(Given information begins)

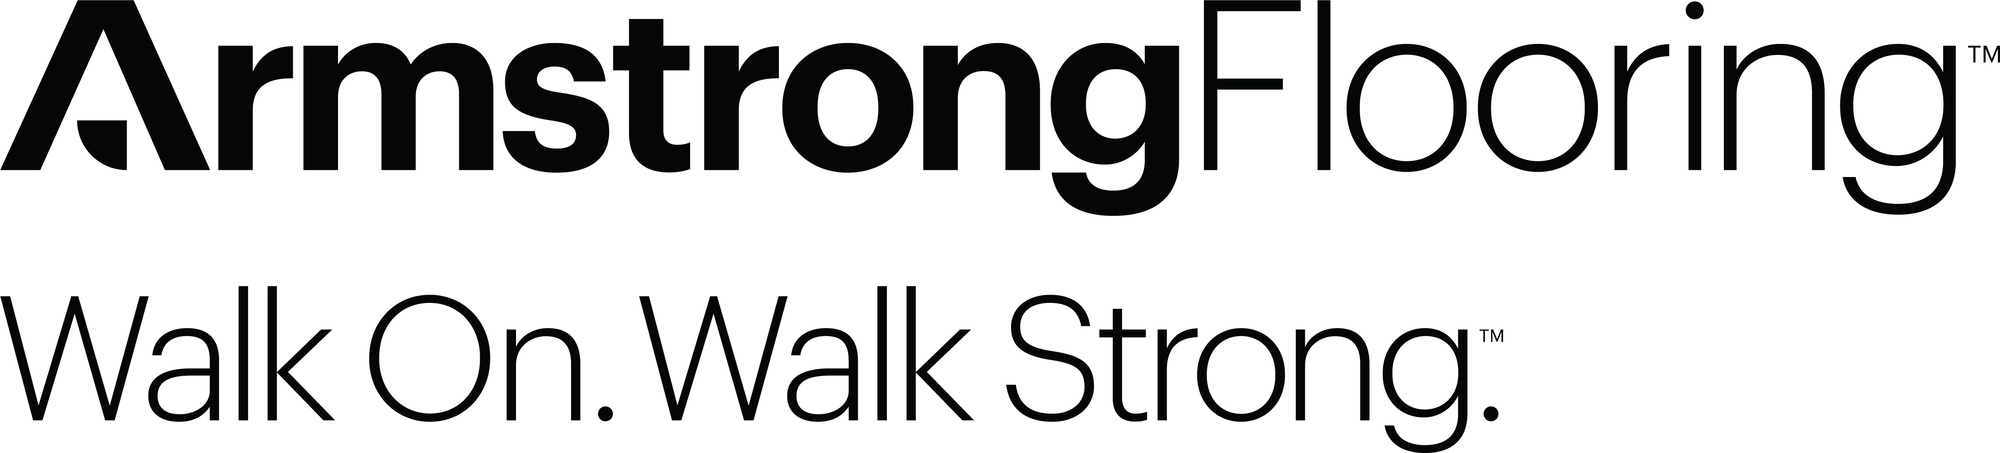 Armstrong Flooring Walk On. Walk Strong.
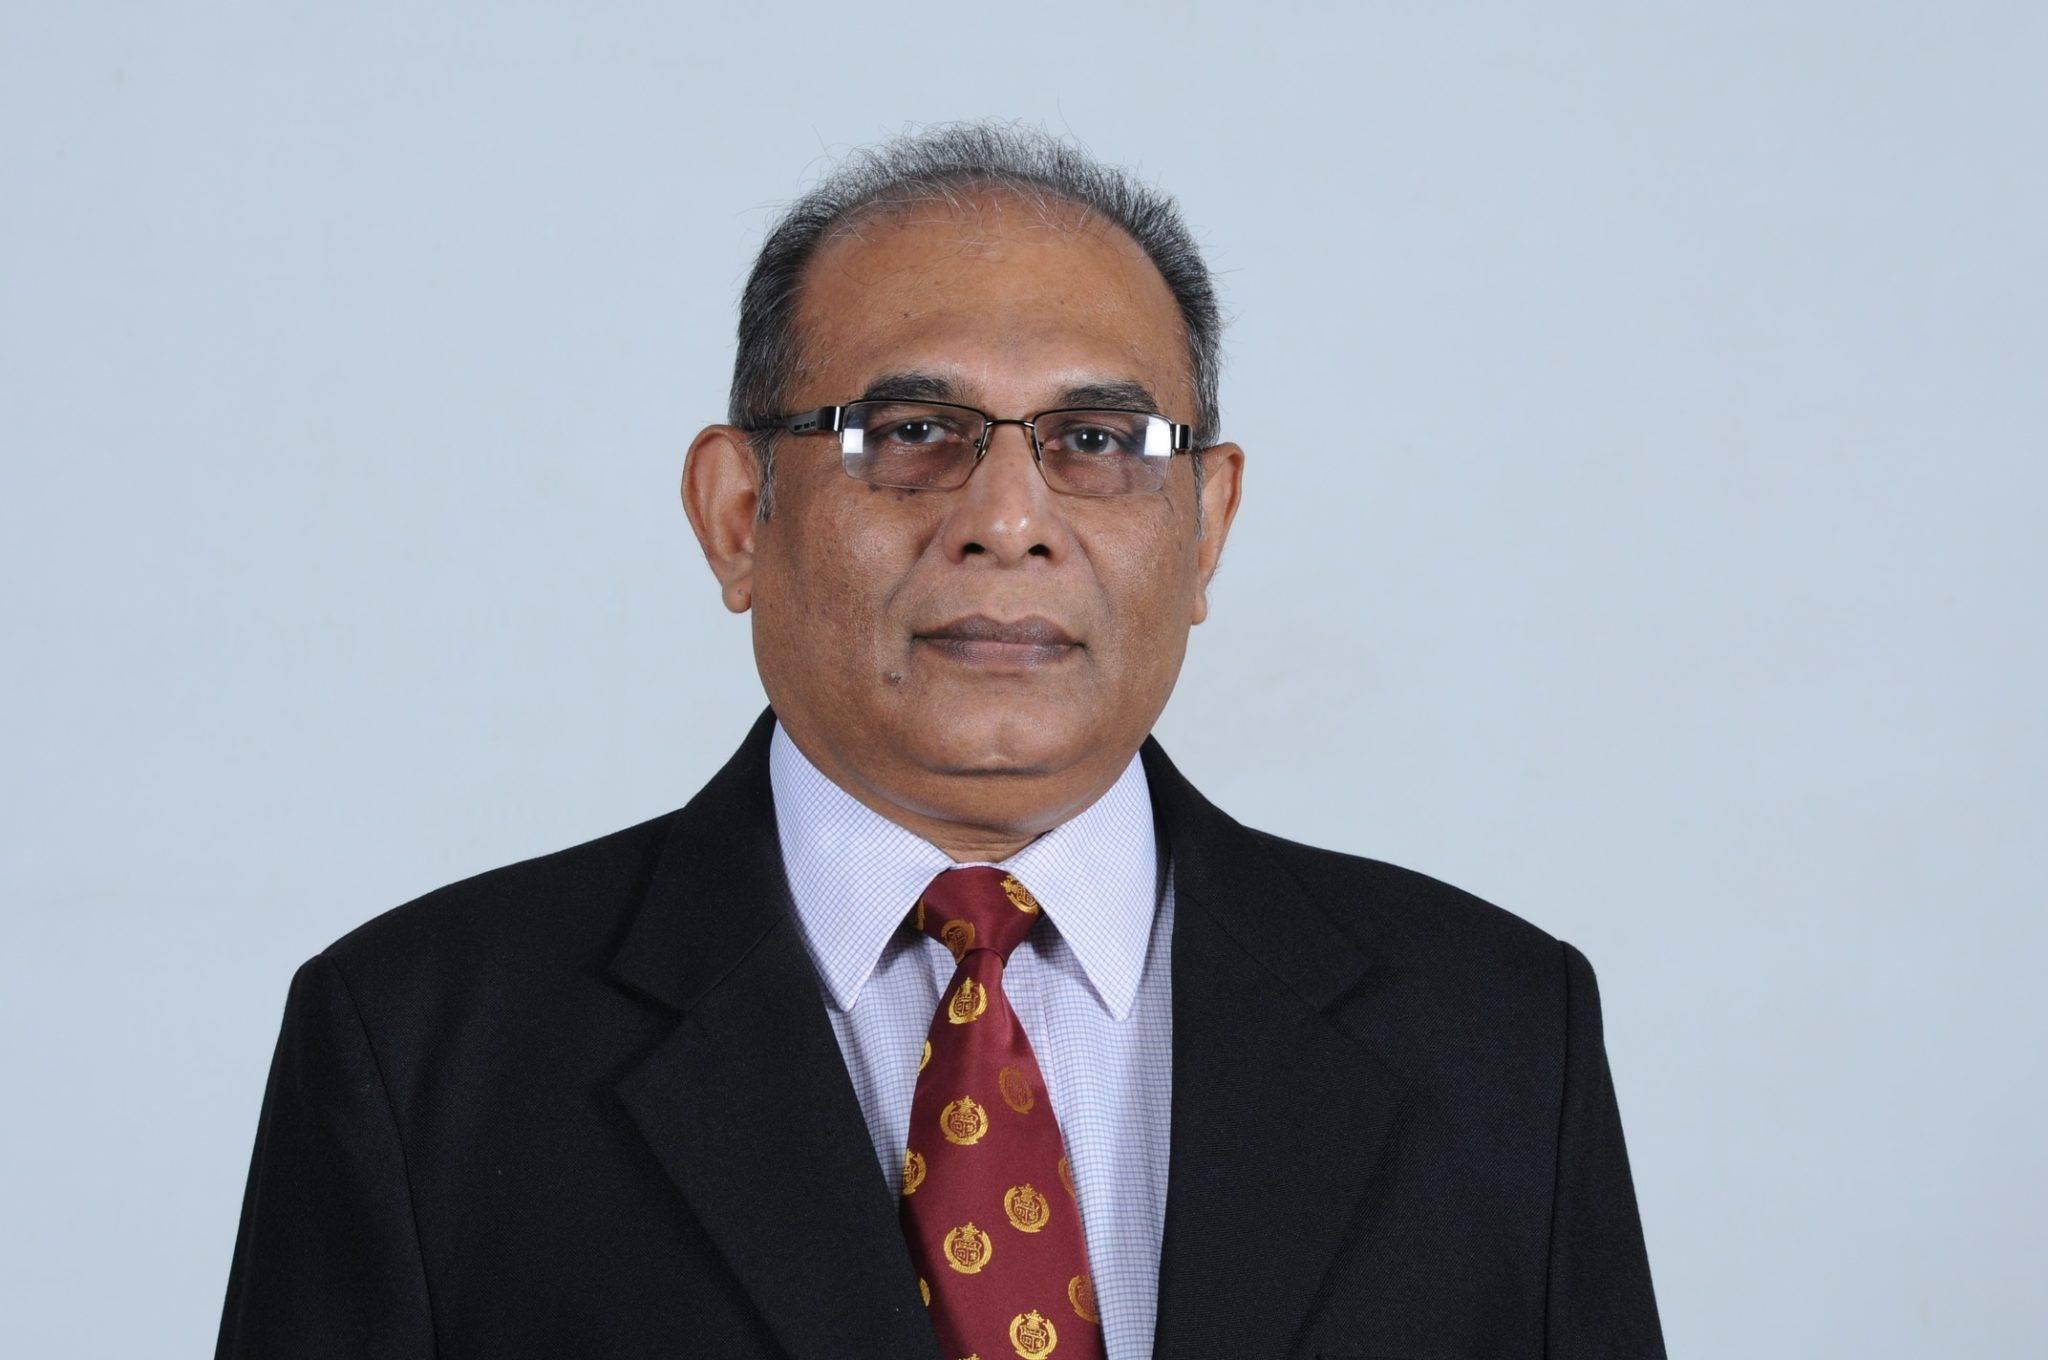 Professor K. Tharu Benny
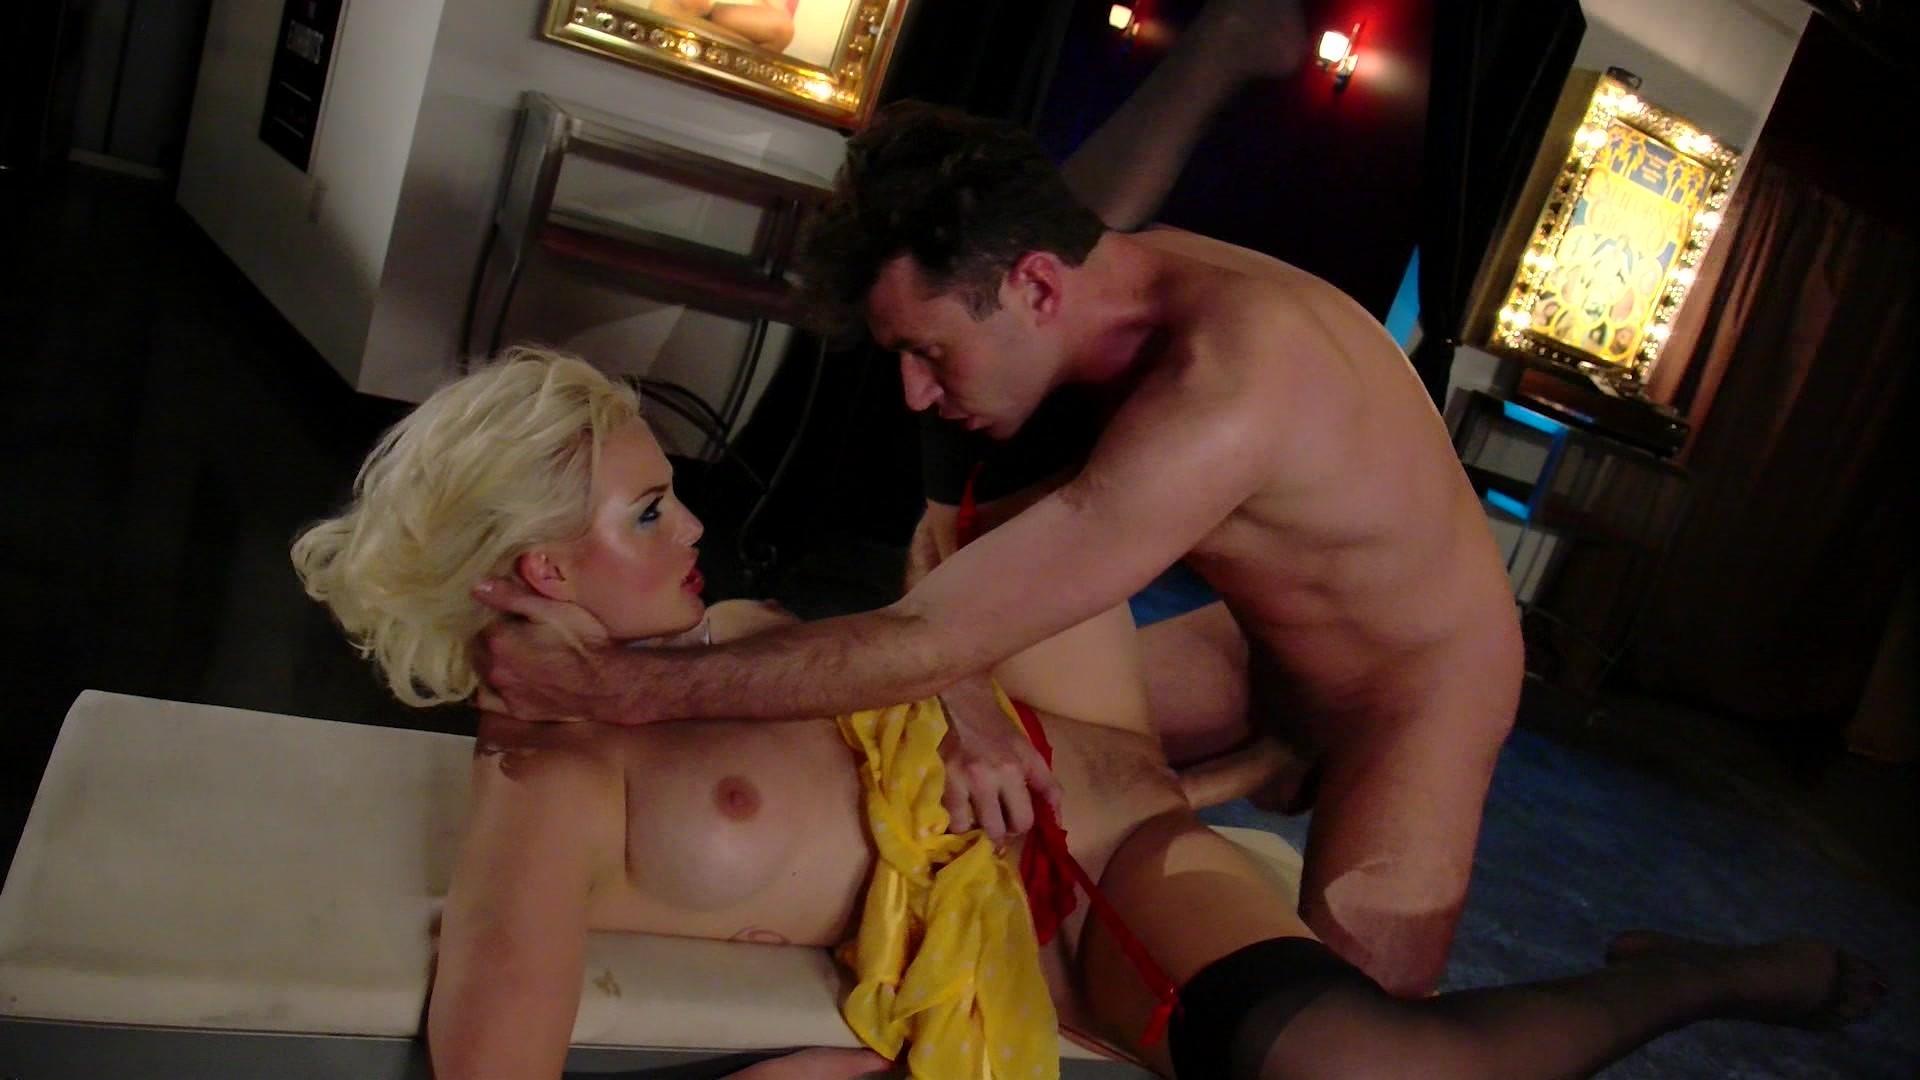 Hot Blonde Jenna Ivory Plays Legendary Beauty Seka Who Gets Fucked by Night Secu... Starring: James Deen Jenna Ivory
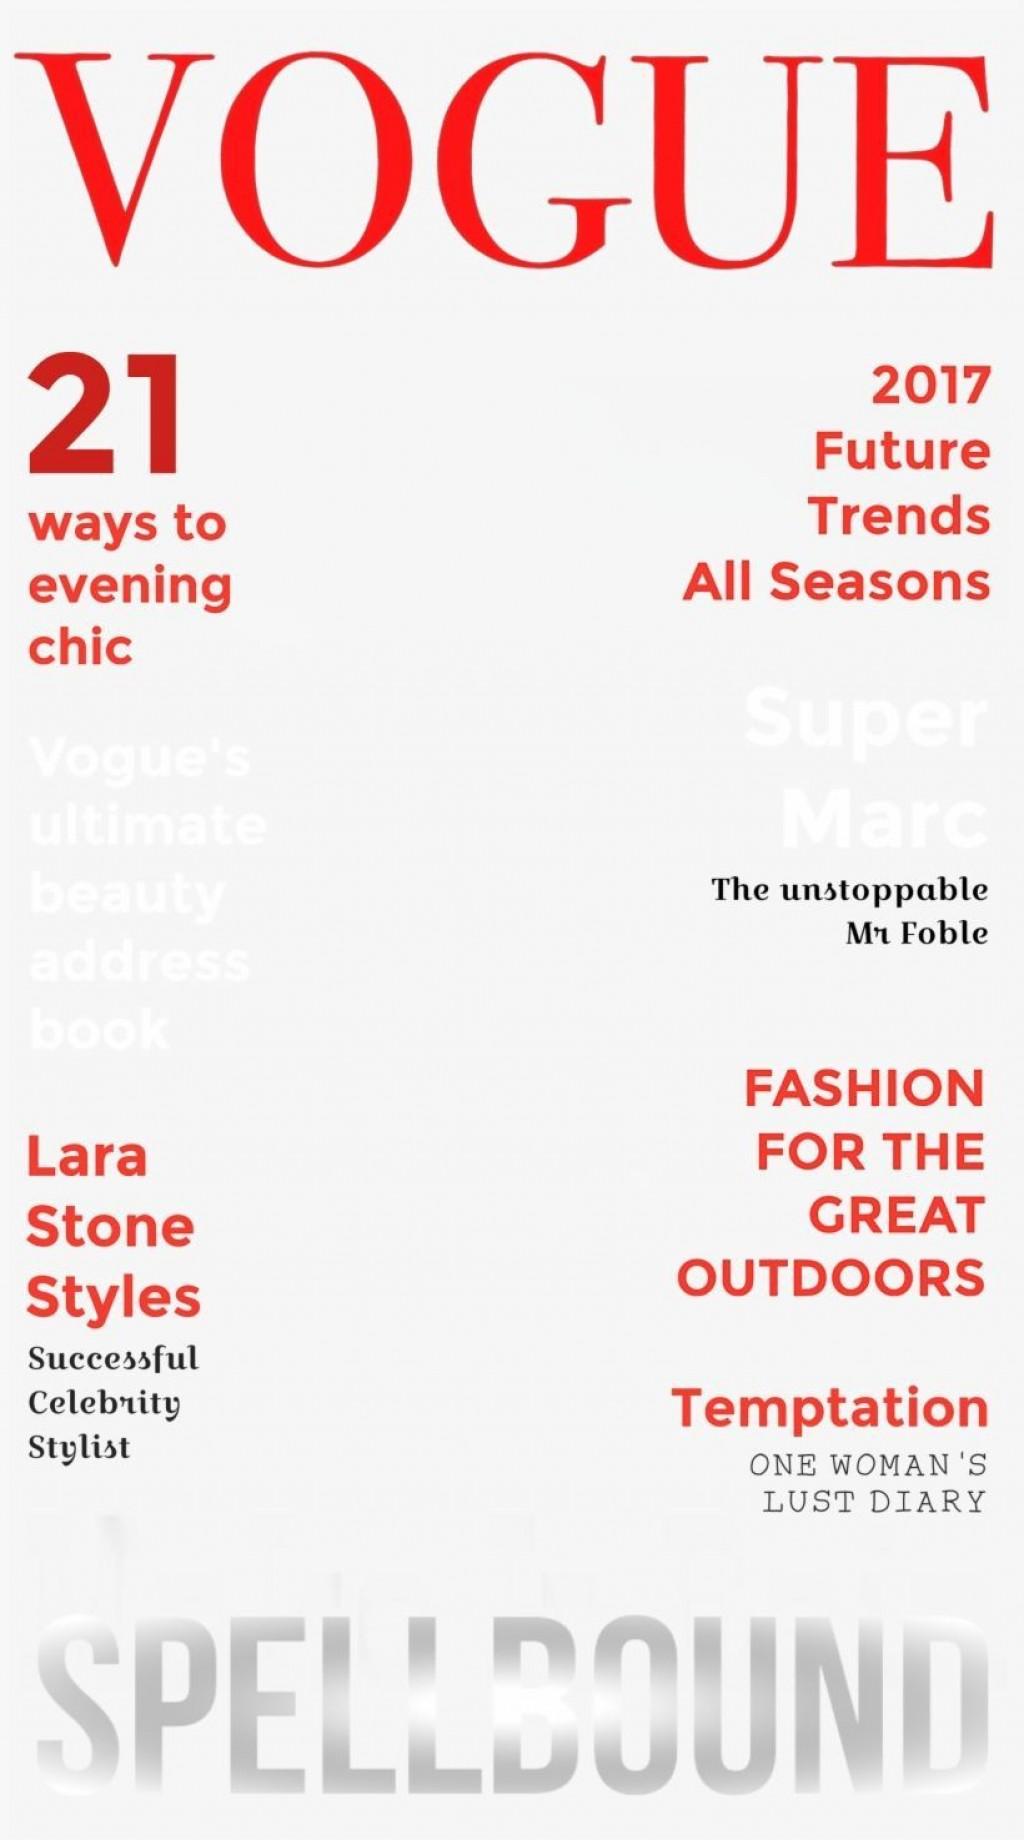 001 Imposing Fake Magazine Cover Template Photoshop Concept  TimeLarge

(Given information ends)

Work required: Each word of the data should be repeated exactly, and the pictures left out.

Output of the exercise:
 Armstrong Flooring Walk On. Walk Strong.
 Professor K. Tharu Benny
 Hot Blonde Jenna Ivory Plays Legendary Beauty Seka Who Gets Fucked by Night Secu... Starring: James Deen Jenna Ivory
 001 Imposing Fake Magazine Cover Template Photoshop Concept  TimeLarge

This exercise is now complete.